§ To do: All lines in the records below from the line with "中国环境标志产品认证范围(57种)" through the line with "Kids' Core Blue Brazilian Jiu Jitsu BJJ Gi" are to be given again exactly, both ends included; the pictures are to be left out.

§ Given data:
------

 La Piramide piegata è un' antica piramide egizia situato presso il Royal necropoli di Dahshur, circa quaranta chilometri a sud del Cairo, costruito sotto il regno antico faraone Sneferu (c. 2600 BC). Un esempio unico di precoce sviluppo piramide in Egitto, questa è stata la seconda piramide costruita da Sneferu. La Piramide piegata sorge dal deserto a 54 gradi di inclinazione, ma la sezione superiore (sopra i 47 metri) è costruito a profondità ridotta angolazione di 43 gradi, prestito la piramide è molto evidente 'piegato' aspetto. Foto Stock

------

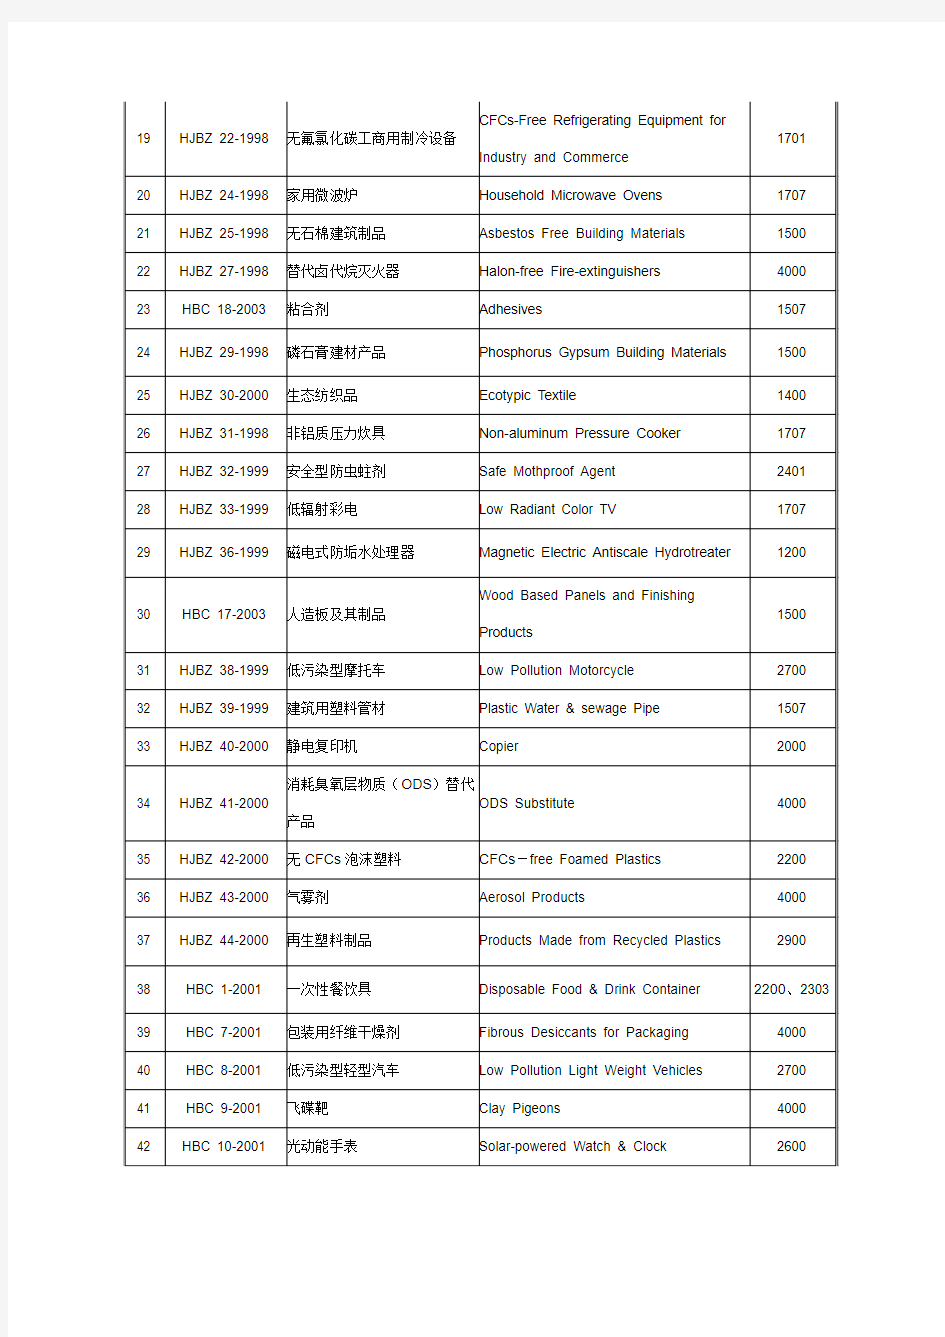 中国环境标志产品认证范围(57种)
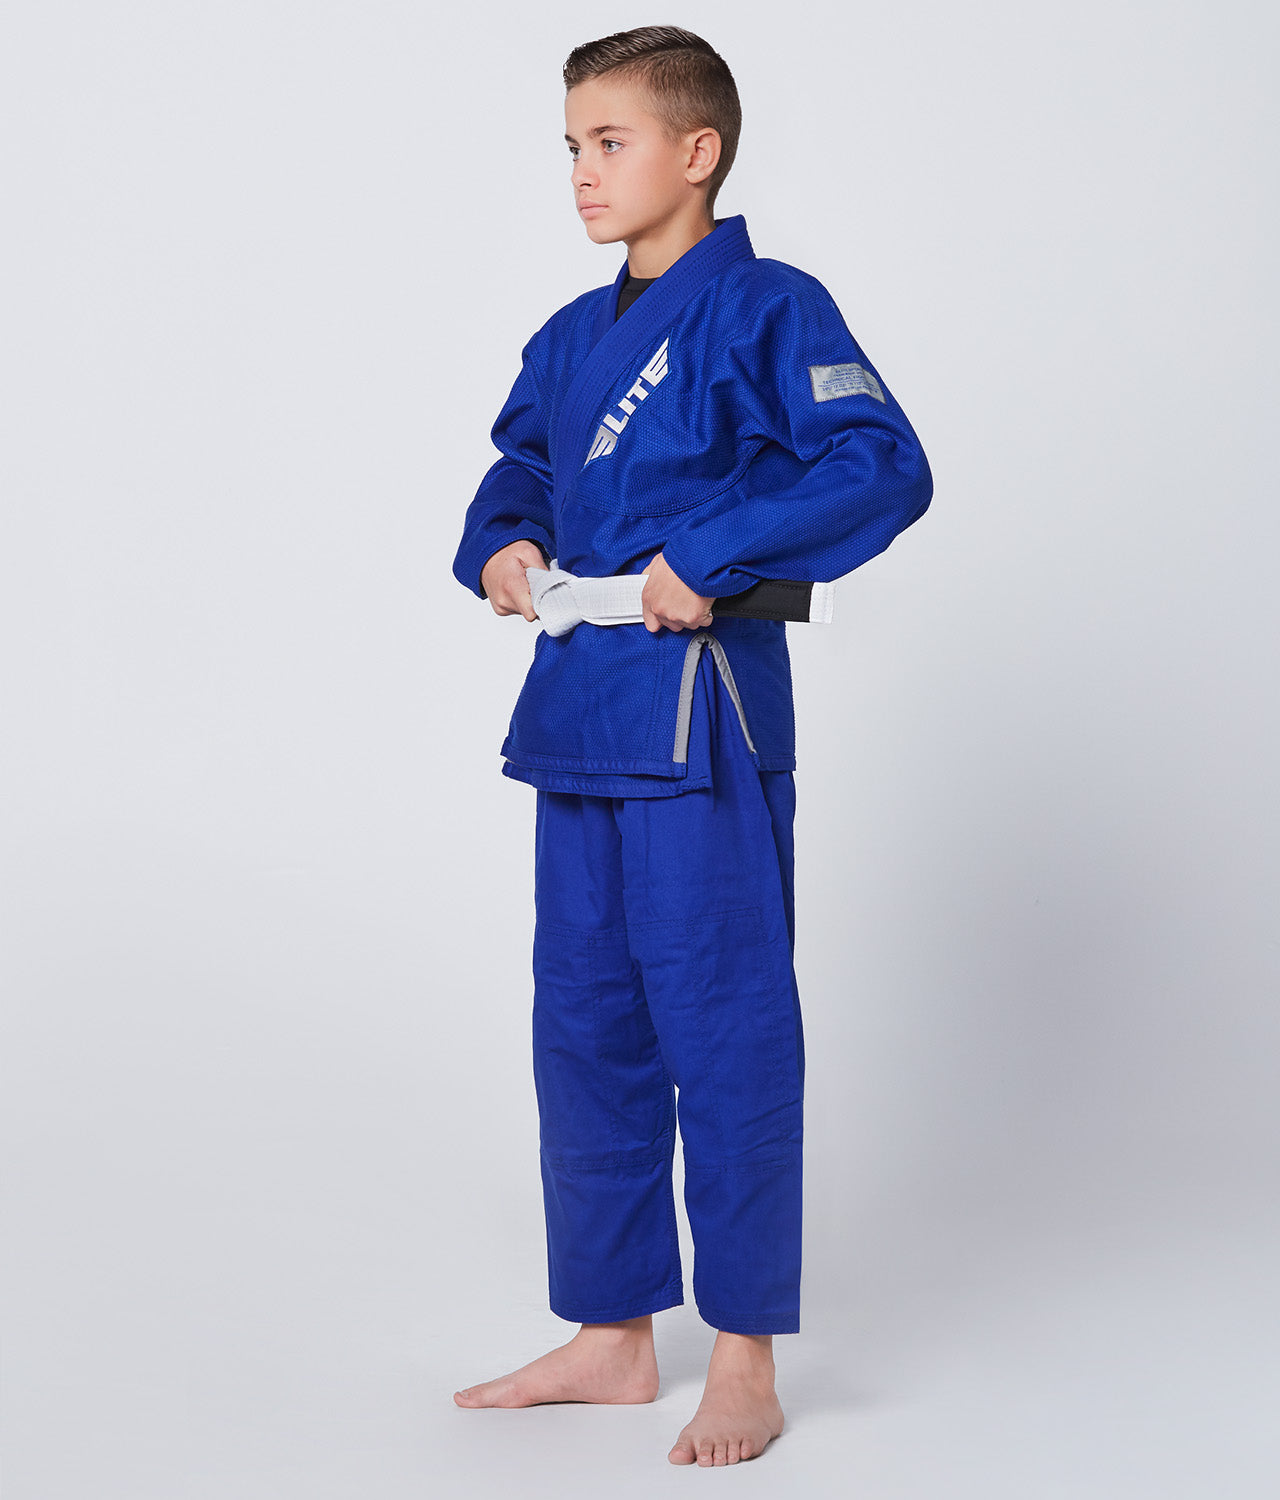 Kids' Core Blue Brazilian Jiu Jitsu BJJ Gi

------

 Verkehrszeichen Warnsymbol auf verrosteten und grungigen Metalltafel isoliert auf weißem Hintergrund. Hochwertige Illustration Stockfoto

------

§ Response to this task:
 中国环境标志产品认证范围(57种)
 Kids' Core Blue Brazilian Jiu Jitsu BJJ Gi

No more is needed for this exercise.